__GIVEN MATERIAL__:
__________
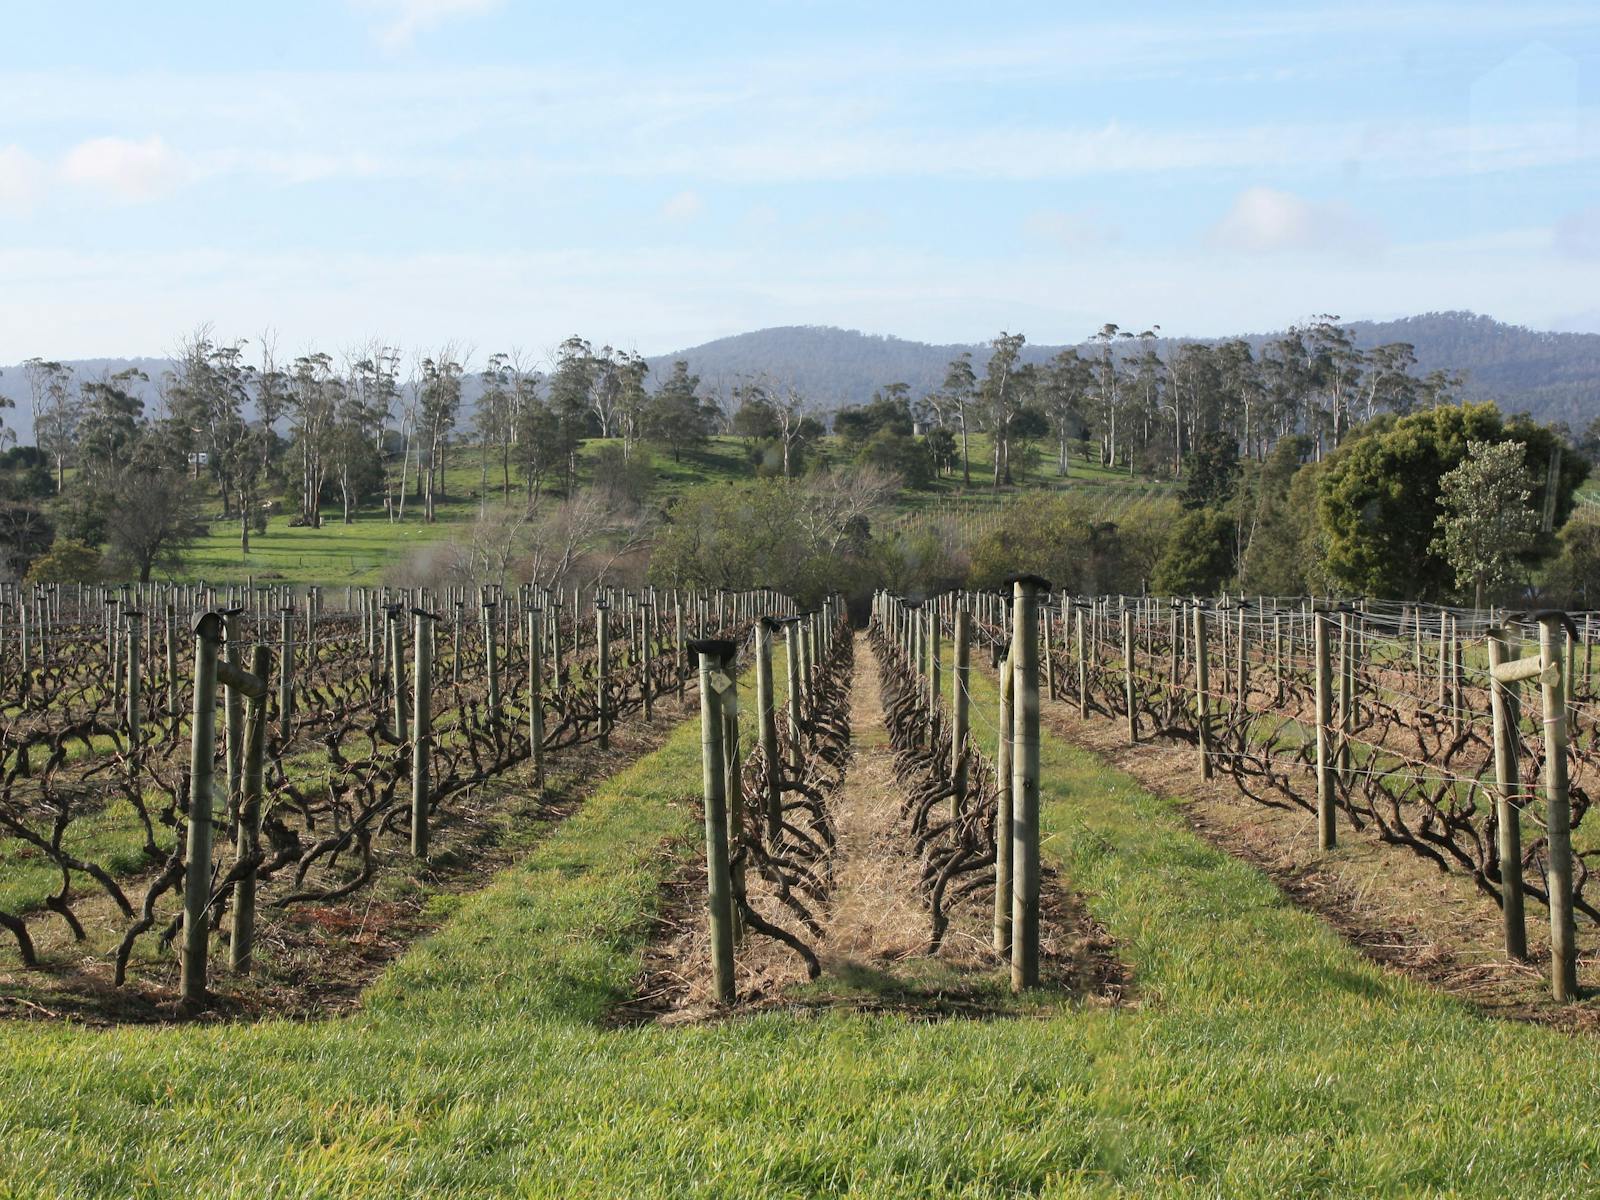 Pinot Grigio vines after pruning
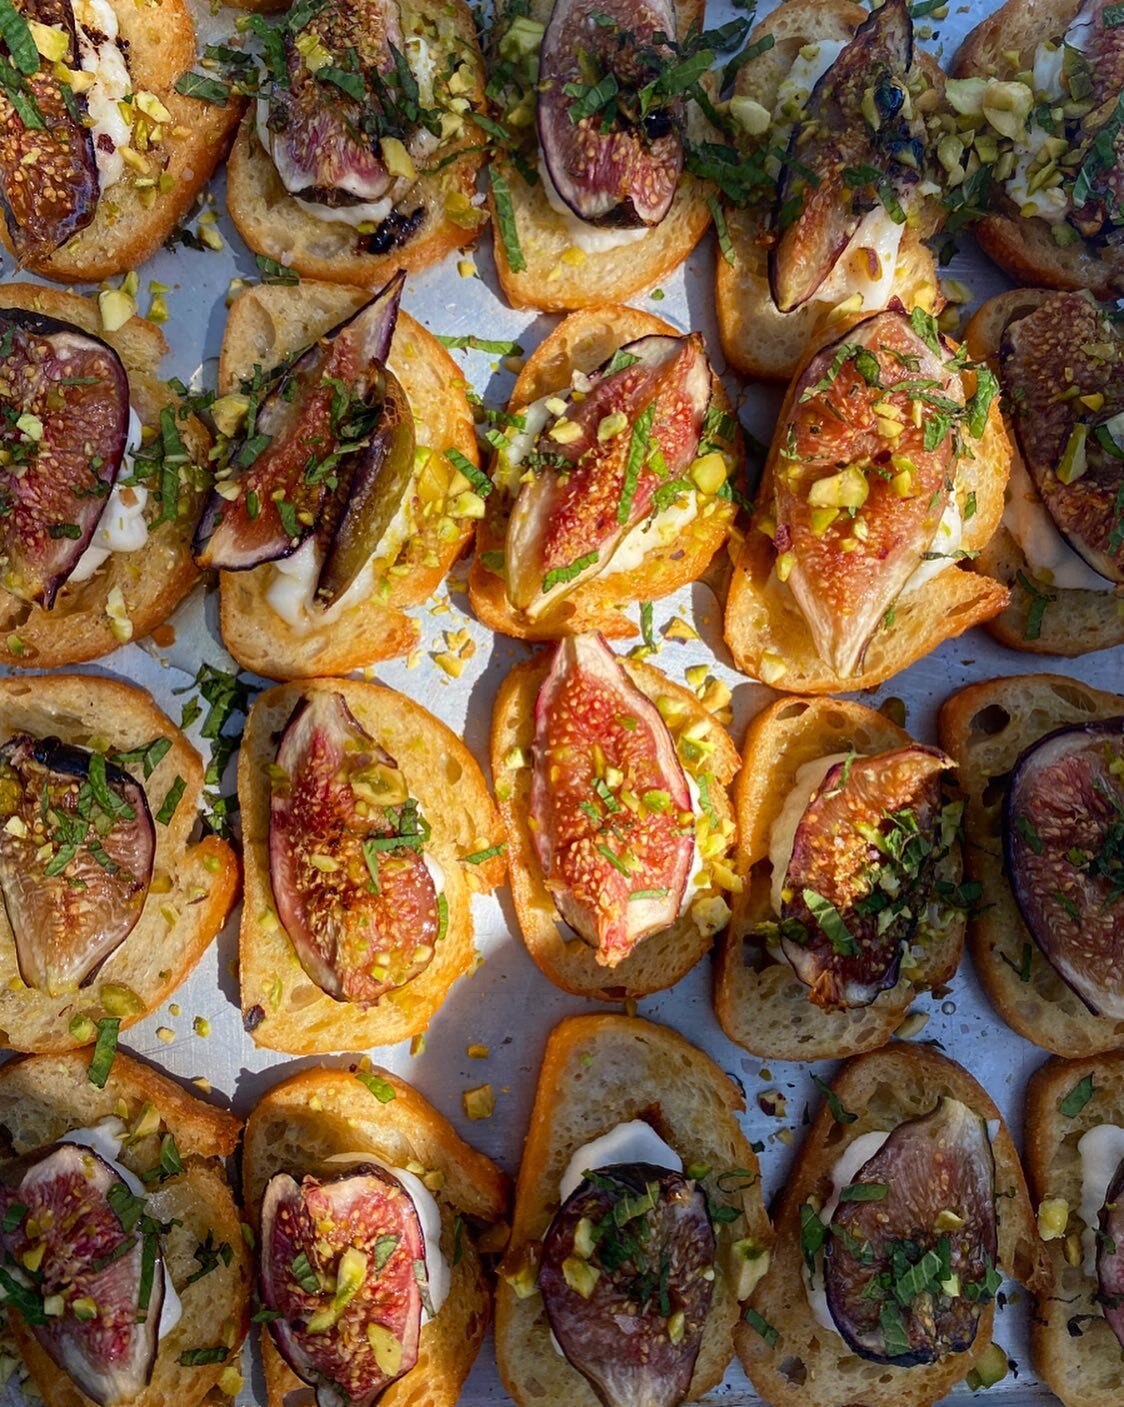 Yummy summertime apps at last weekend&rsquo;s wedding. Roasted figs with @bellwetherfarms sheep ricotta, honey and pistachios @holmanranch with @coastsidecouture #roastedfigs #sheepricotta
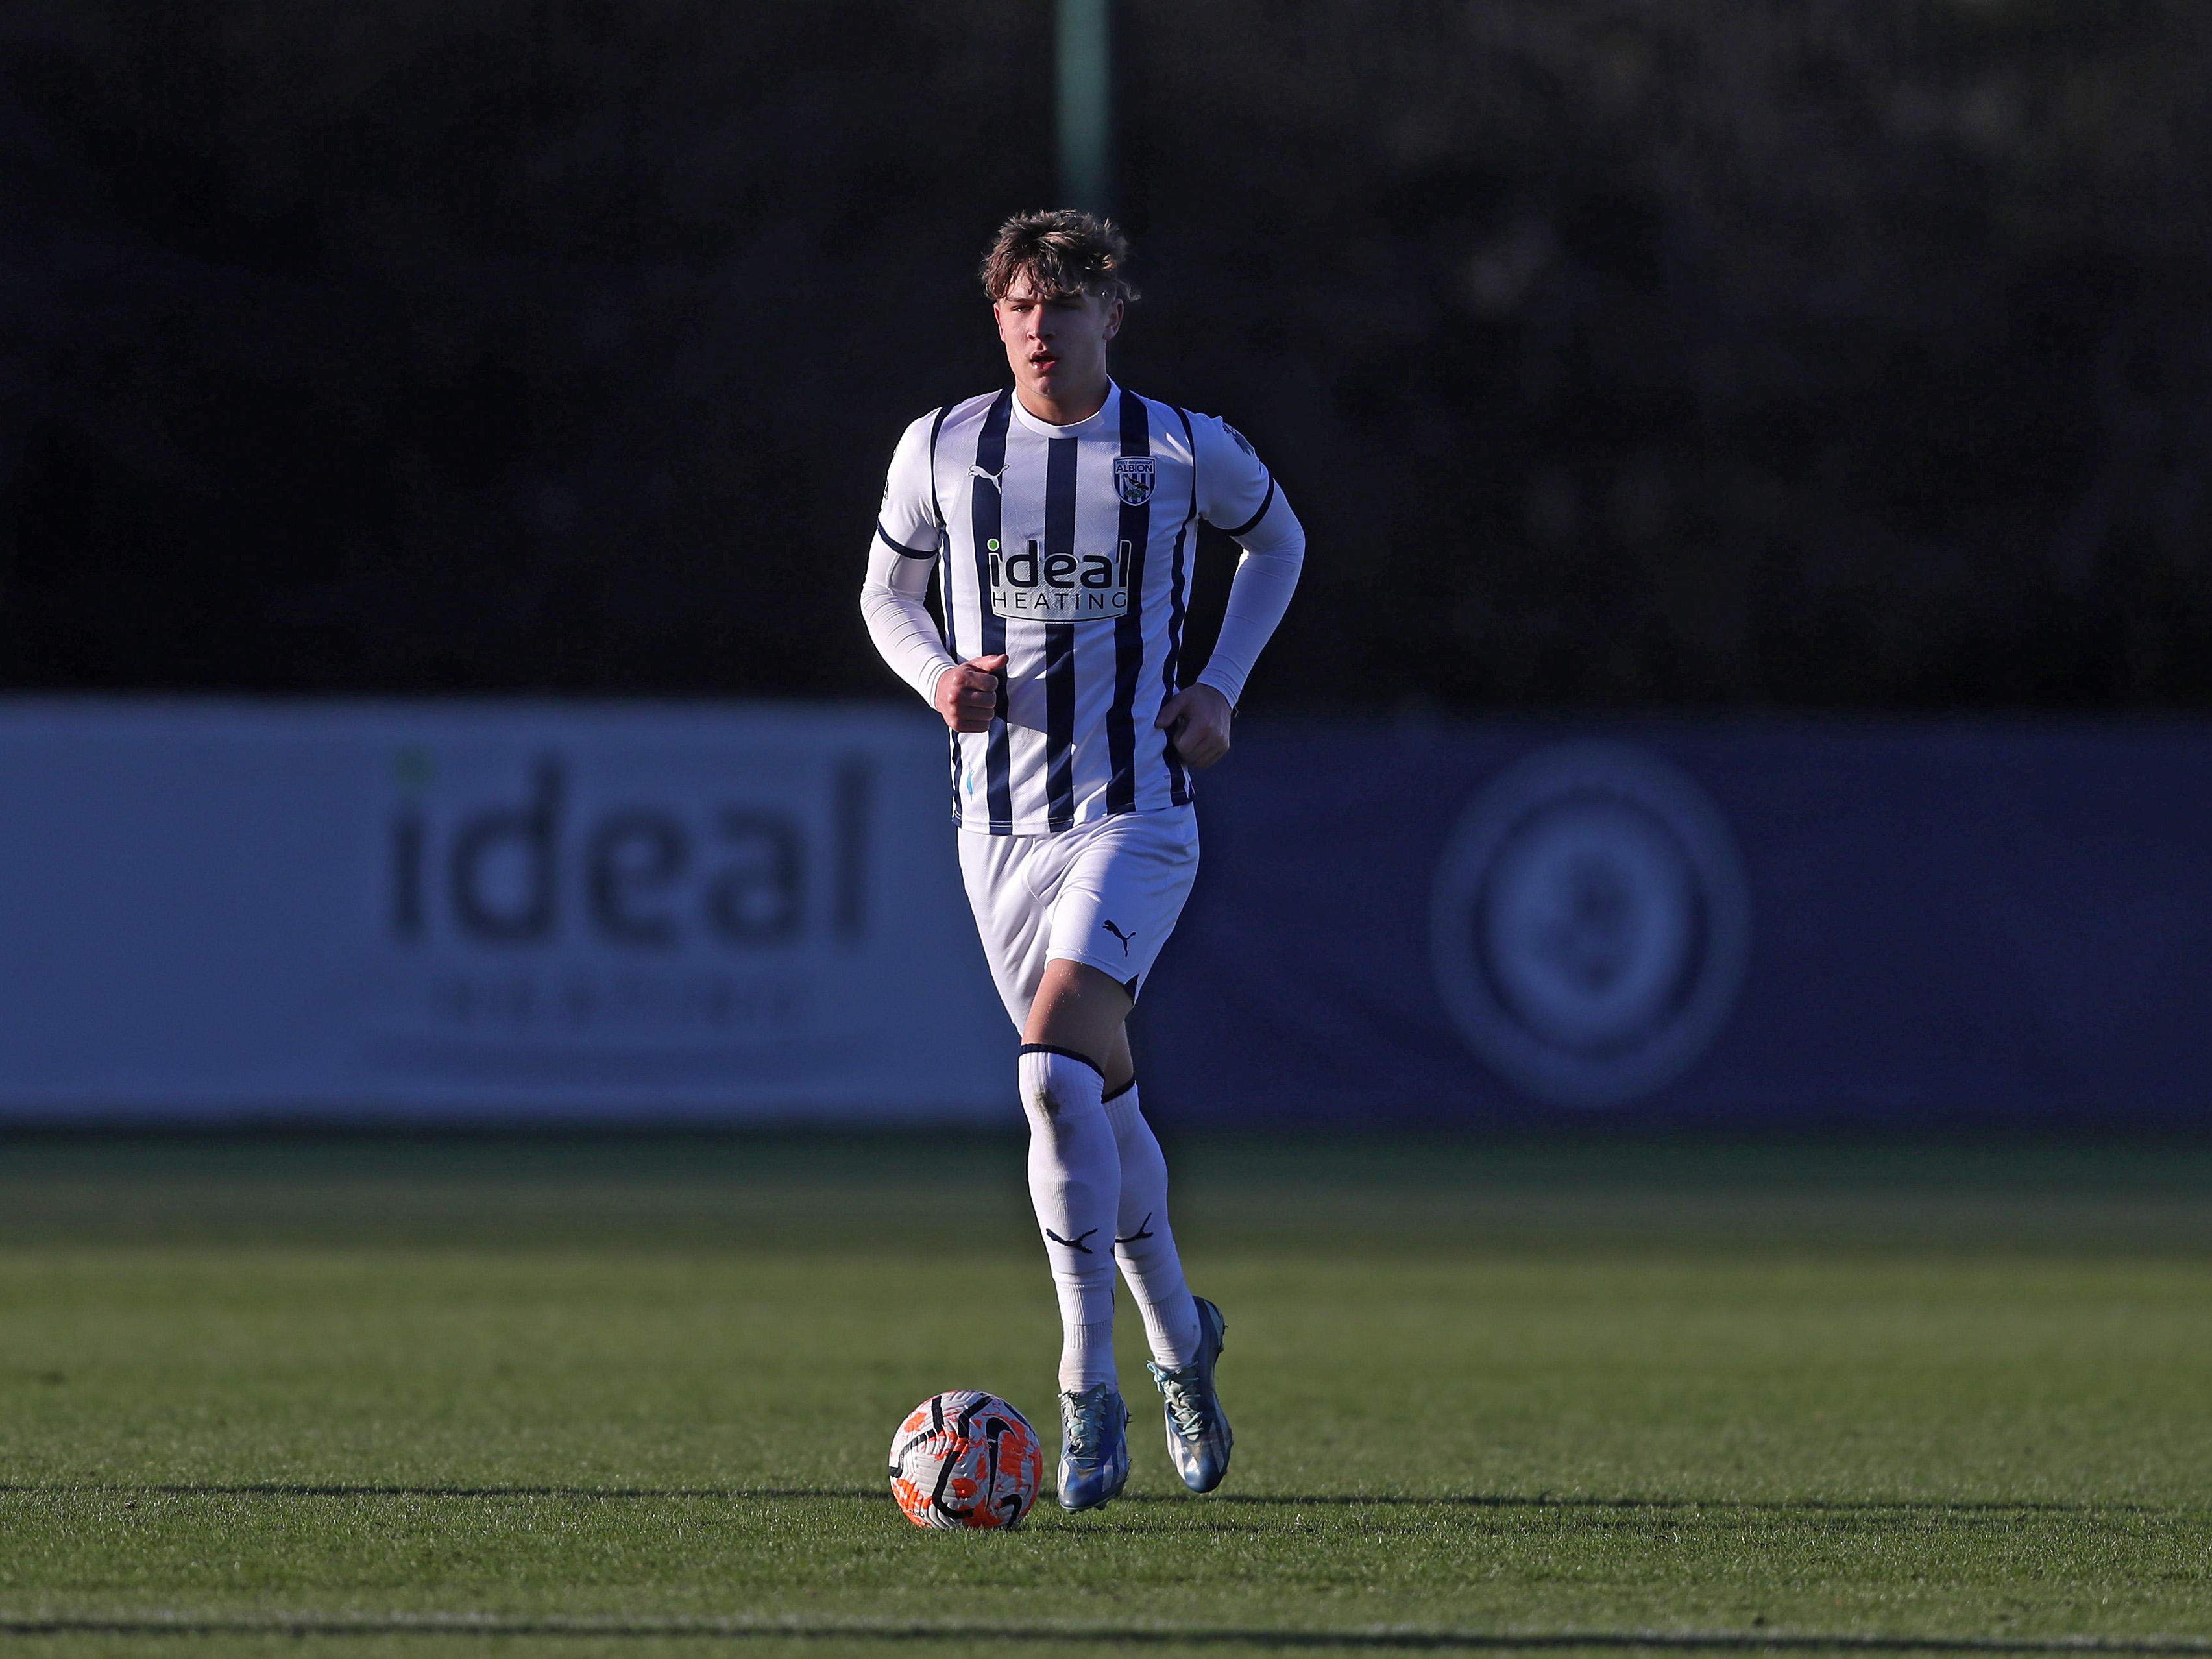 A photo of Albion youngster Cole Deeming, in the 23/24 home kit, in PL2 action at the club's training ground
__________
Please set down every line of the listing verbatim, excluding its pictures.

 Pinot Grigio vines after pruning
 Yummy summertime apps at last weekend&rsquo;s wedding. Roasted figs with @bellwetherfarms sheep ricotta, honey and pistachios @holmanranch with @coastsidecouture #roastedfigs #sheepricotta
 A photo of Albion youngster Cole Deeming, in the 23/24 home kit, in PL2 action at the club's training ground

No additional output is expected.